Oui, bien sûr, l’Europe et sa cohorte de lois ultra-libérales suscitées par une activité intense des lobbys de toutes sortes, avait bien préparé le terrain de la privatisation du rail, même si, bien entendu, la France aurait pu solliciter une exception pour son réseau ferré qui est tout de même un des meilleurs au monde. Mais cette privatisation arrangeait trop les affaires de la classe dirigeante et ce pour plusieurs raisons.

Il convenait, dans un premier temps de briser ce bastion de la résistance syndicale et ouvrière que représente la SNCF. Et cela fait bien trente ans que le pouvoir se cassait les dents dessus, car le ferroviaire est un milieu fermé, avec des métiers spécifiques uniquement obtenus par la formation interne, et une hiérarchie issue uniquement de la promotion interne également, ce qui a perduré pendant des décennies, puisqu’il vaut mieux connaitre le métier quand on dirige une équipe ou un secteur. Cette configuration était un frein important à « l’évolution » libérale du secteur.

Bien sûr, l’idéologie libérale est profondément anti-service public, puisque par nature, ce dernier n’ayant pas vocation à faire du profit, est forcément une anomalie. Il était donc urgent, pour un chantre du capitalisme comme Macron, de remettre les choses dans l’ordre naturel et que les lignes rentables fassent un profit qui ne soit pas utilisé pour financer des lignes non rentables, mais aille dans la poche des premiers de cordée, qui ne manqueront pas de se positionner sur les lignes qui rapportent.

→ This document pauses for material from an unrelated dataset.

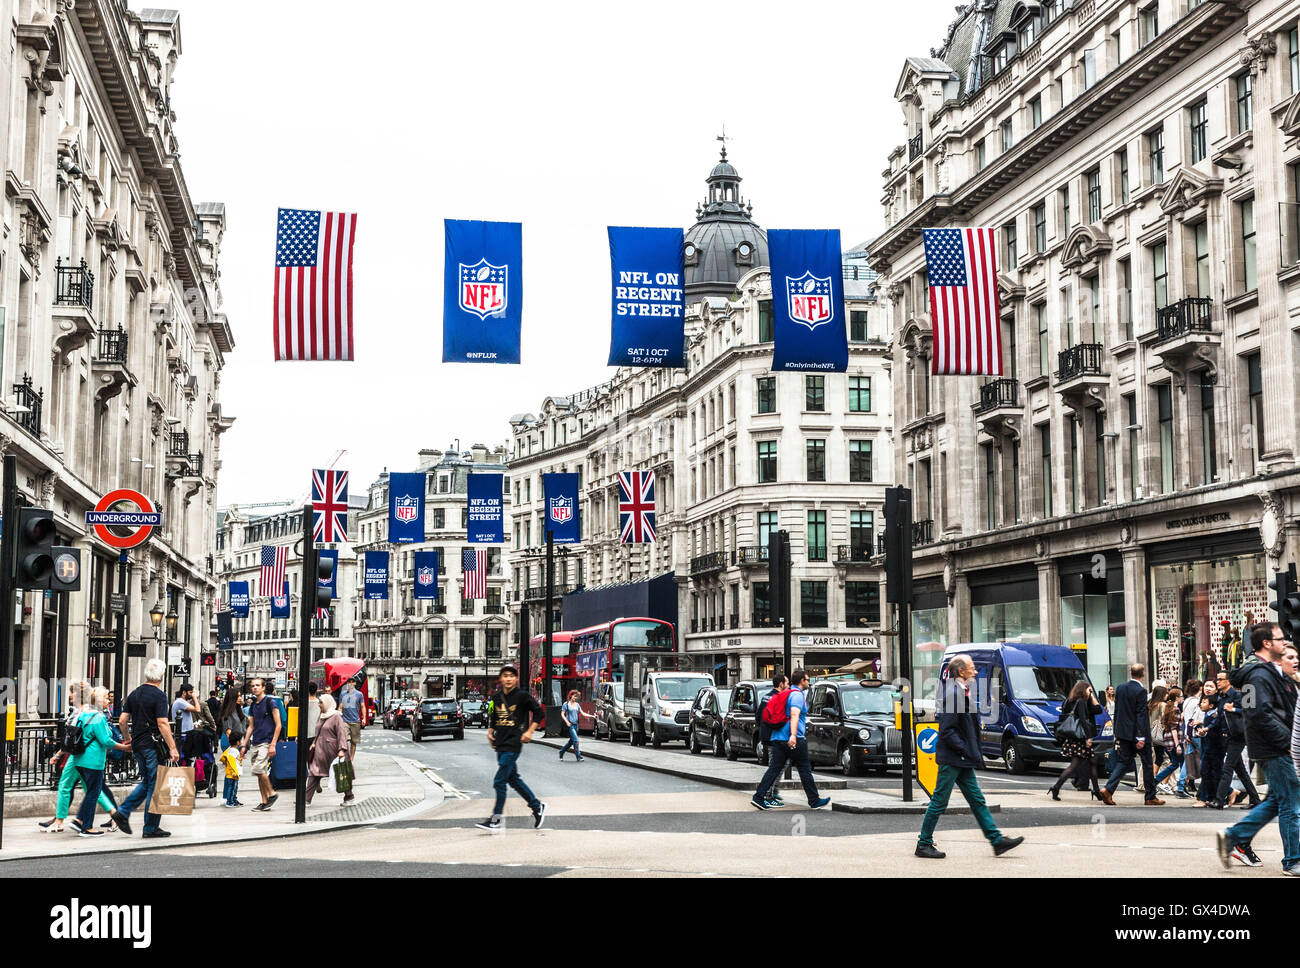 NFL NFLUK event banners on Regents Street, London, England, UK. Stock Photo

La 3ème bande, l’opération immobilière

Mais, évidemment, le bénéfice escompté ne s’arrête pas là. Gardons à l’esprit que la SNCF a longtemps été le premier propriétaire foncier de France (devant l’armée), par les surfaces des voies de circulation bien sûr, mais aussi par les bâtiments, terrains industriels et appartements cheminots, cédés petit à petit aux bailleurs privés depuis 30 ans à la demande des gouvernements.

La SNCF a abandonné cette richesse foncière et se retrouve aujourd’hui dans l’obligation de louer régulièrement des surfaces pour des réunions, forums et autres, notamment parce qu’elle loue ces surfaces.

Mais certaines surfaces sont encore d’un intérêt majeur en termes de profit et la loi de réforme du ferroviaire contenait une petite douceur pour les amis du Président à ce sujet : l’indépendance décisionnelle, organisationnelle et financière de « Gares et Connexions » (G&C). G&C a été créée pour gérer les bâtiments et a d’abord été une entité interne à l’entreprise, puis il a été question de filialiser, et finalement, le choix retenu est de créer une Société Anonyme (SA). Au 1er janvier 2020, 5 SA seront créées : la direction nationale, Fret, Mobilités, Réseau et G&C. Et c’est chez G&C que se cache le pognon !

Le fruit d’une intense cogitation pour récupérer le magot !

Il fallait donc déjà définir un type de structure capable de gérer au mieux (financièrement parlant) ce juteux patrimoine. Et, à la manière de RFF (entité propriétaire du réseau, créée en 1997) qui possède les voies et fait payer un « péage » à la SNCF et toute entreprise qui veut faire circuler des trains, la SNCF a créé l’entité G&C propriétaire des bâtiments et responsable du fonctionnement des installations (ascenseurs, escaliers roulants principalement) et à laquelle SNCF Mobilités paye un loyer pour occuper les gares.

Puis, des essais ont été menés et le plus connu est la gare Saint-Lazare. La transformation de cette grande gare parisienne (2ème gare d’Europe avec 500 000 voyageurs/jour) en centre commercial est une telle réussite que les loyers des commerces ont été réévalués à la hausse au bout d’un an seulement et que depuis, l’entreprise rogne en permanence sur les surfaces allouées à SNCF Mobilités, préférant des locataires qui rapportent plus, des commerces. Un centre commercial ultra juteux qui, de surcroît profitait déjà plus aux entreprises privées qu’à G&C puisque l’opération s’était faite avec un Partenariat Public Privé qui cédait pour 40 ans la gestion du centre à un consortium Spie Batignolles-Klépierre.

L’exemple de Saint-Lazare est éloquent, avec la réduction sur plusieurs années consécutives de l’espace accueil pour les voyageurs vers la Normandie, réduit aujourd’hui à quelques maigres m2, au profit d’un commerce. L’expérience ayant été gagnante au-delà des espérances la plus folles (puisque G&C a engrangé 285 millions de bénéfices en 2017) elle a bien sûr été systématisée, et pendant la bataille du rail même, en juin 2018, G&C créait la SEMOP (société d’économie mixte à opération particulière) devenue « StatioNord » dans la foulée.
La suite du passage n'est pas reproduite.